I smiled despite myself, setting the note down beside the small velvet box in my hand. The contrast made me pause, her elegant handwriting beside the little square that could change everything.
The box looked absurdly small for what it held. Just a ring. Metal and stone. But it felt alive in a way no object should, heavy with what it meant rather than what it was.
I sat at the table, turning it in my hand. The light from the lamp above caught the diamond, throwing small fragments of silver across the wood.
Carlisle's words echoed back to me: Don't make it about the past or the future. Make it about the moment.
I wasn't sure what that moment looked like yet, but I knew it had to be hers. It had to fit Edythe, the way she existed between grace and danger, between stillness and motion. The way she made forever seem not terrifying, but possible.
I thought about the meadow, the one she and Bella had both told me about, their "hidden place." But it didn't feel right.
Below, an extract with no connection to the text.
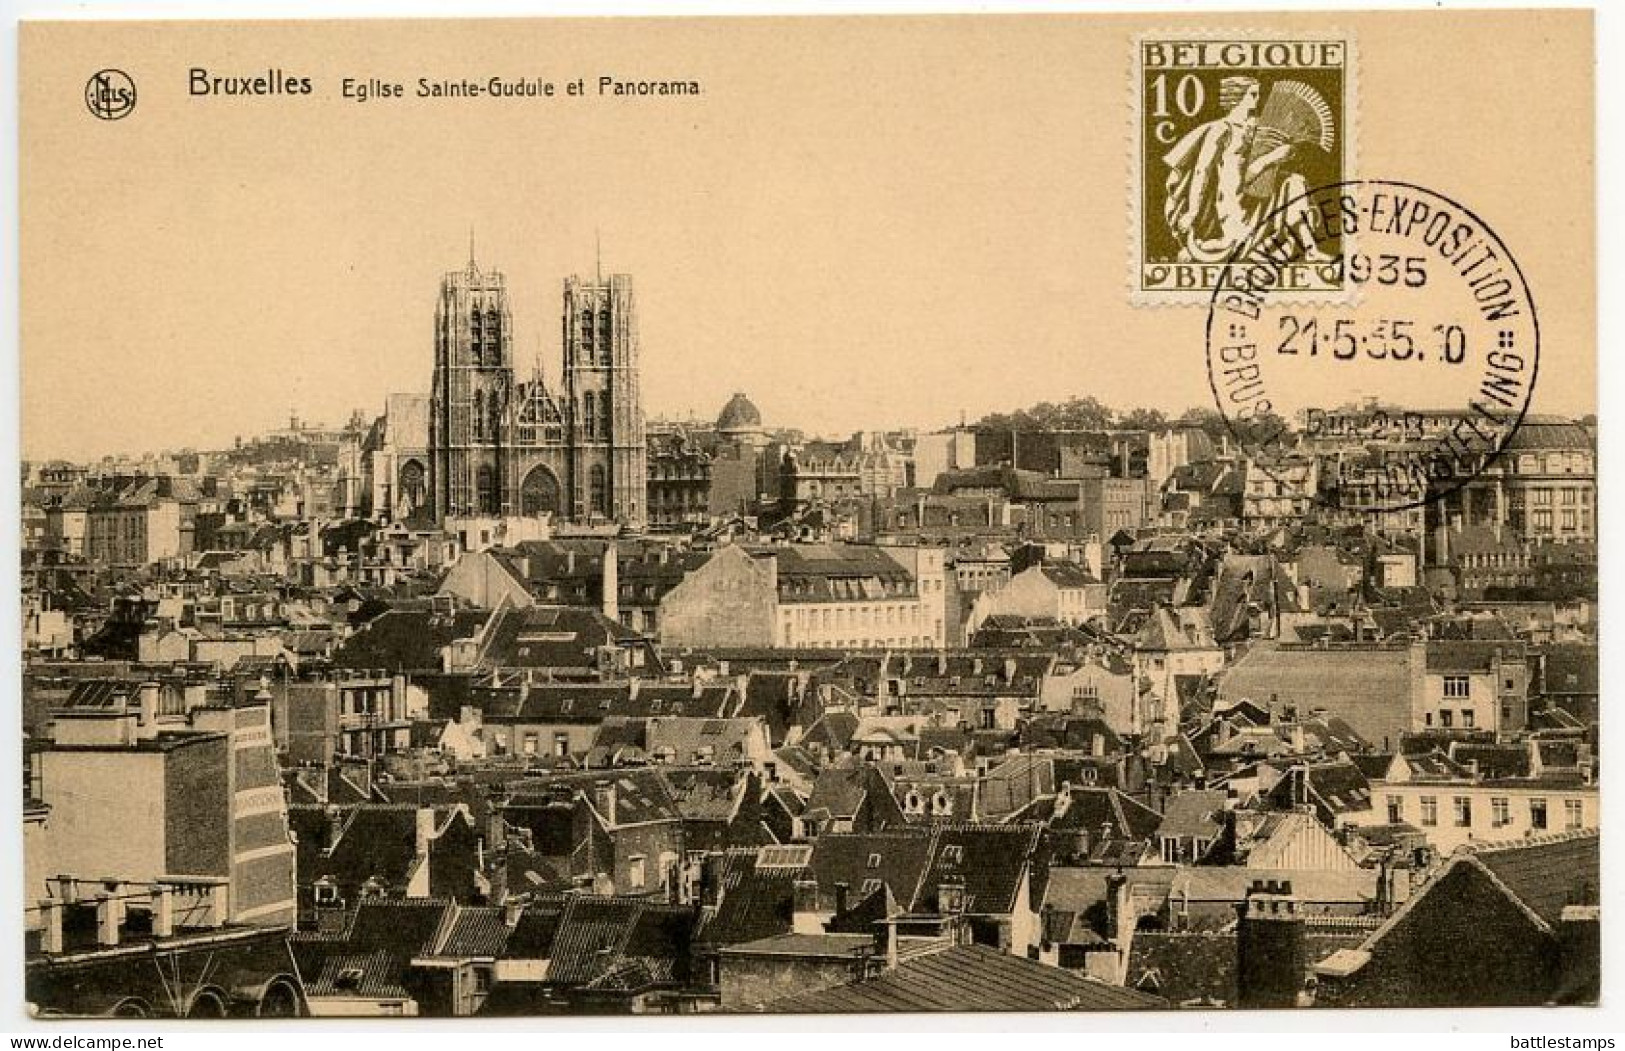 Belgium 1935 Postcard Bruxelles / Brussel, Eglise Sainte-Gudule Et Panorama; Exposition / Tentoonstelling Postmark - Panoramische Zichten, Meerdere Zichten

That was their story, not mine.
For Edythe, it needed to be something simpler. Closer. Something real.
My gaze drifted toward the window, toward the faint glow that shimmered through the trees where the Cullen house stood miles away. The same forest that had once nearly witnessed my death, was now the thread that tied every piece of my life together.
I walked upstairs to our room looking for a place to hide the box until I was ready for it. My eyes fell on one of Elaraim's old journals, the one she'd written near the end of her life. Its pages were fragile, the ink faded, but the last line always stood out to me, I picked it up and read it again.
Love is not the bond that holds power — it is the power itself.
I closed the book and set it beside the ring. "Guess you'd approve, Grandma," I muttered softly.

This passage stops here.